1 5. Revenue Recognition:

(i) Sales Revenue is recognised on transfer of significant risks and rewards of ownership of the goods to the buyer. Sales are net of Sales Tax, VAT, trade discounts, rebates and returns but includes excise duty.

(ii) Income from services is recognised as they are rendered, based on agreement/arrangement with the concerned parties.

(iii) Dividend income on investments is accounted for when the right to receive the payment is established. Interest income is recognised on accrual basis.

(iv) Export Incentives, insurance, railway and other claims, where quantum of accruals cannot be ascertained with reasonable certainty, are accounted on acceptance basis.

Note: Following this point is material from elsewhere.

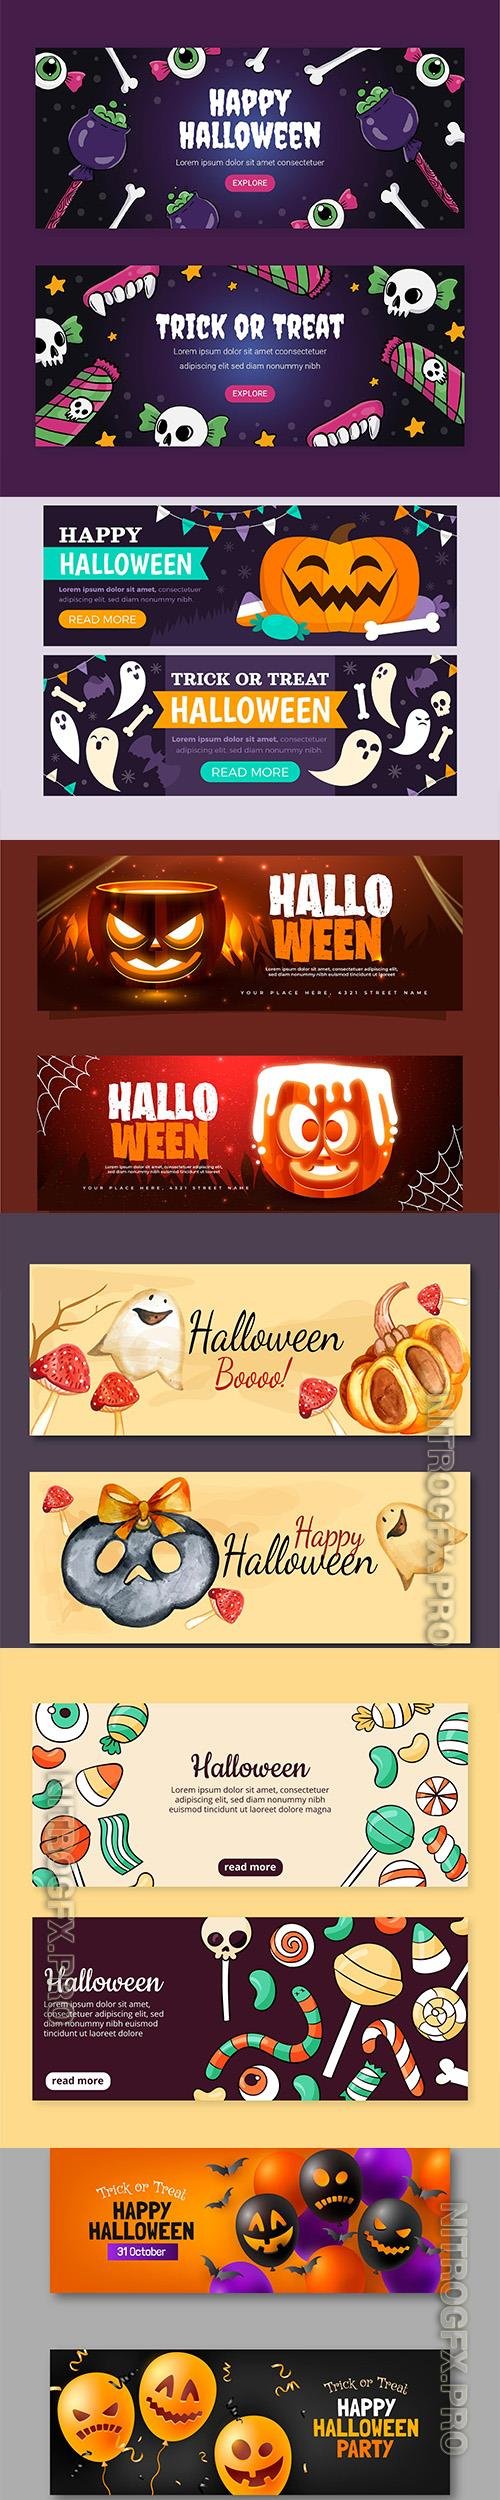 Realistic halloween horizontal sale banners set vol 2

1 6. Mines Restoration Expenditure:

The Company provides for the estimated expenditure required to restore quarries and mines. The total estimate of restoration expenses is apportioned over the estimate of mineral reserves and a provision is made based on minerals extracted during the year.

Provision for Mines Restoration is reviewed annually, on the basis of technical estimates.

1 7. Provisions, Contingent Liabilities and Contingent Assets:

Provisions are recognised when there is a present obligation as a result of past events and it is probable that there will be an outflow of resources which can be measured only by using of substantial degree of estimation.

Contingent Liabilities are not recognised but are disclosed and Contingent Assets are neither recognised nor disclosed, in the financial statements.

1 8. Employees Share based payments:

The Company follows intrinsic value method for valuation of Employees Stock Options. The excess of the market price of shares at the time of grant of options, over the exercise price to be paid by the option holder is considered as employee compensation expense and is amortised in the Profit and Loss account over the period of vesting, adjusting for the actual and expected vesting.

1 9. Earnings Per Share:

The basic Earnings Per Share ( EPS ) is computed by dividing the net profit after tax for the year attributable to the equity shareholders by the weighted average number of equity shares outstanding during the year.

For the purpose of calculating diluted earnings per share, net profit after tax for the year attributable to the equity shareholders and the weighted average number of equity shares outstanding during the year are adjusted for the effects of all dilutive potential equity shares.

20. Government Grants and Subsidies:

(i) Government grants and subsidies are recognised when there is reasonable assurance that the Company will comply with the condition attached thereto and that the grants will be received.

(ii) Capital Government Grants or Subsidies relating to specific fixed assets are deducted from the gross value of the respective fixed assets.

(iii) Revenue Government Grants or Subsidies relating to an expense item are recognised as income over the period to match them on a systematic basis to the costs.

21. Segment Reporting Policies:

Primary Segment is identified based on the nature of products and services, the different risks and returns and the internal business reporting system. Secondary segment is identified based on geography in which major operating divisions of the Company operate.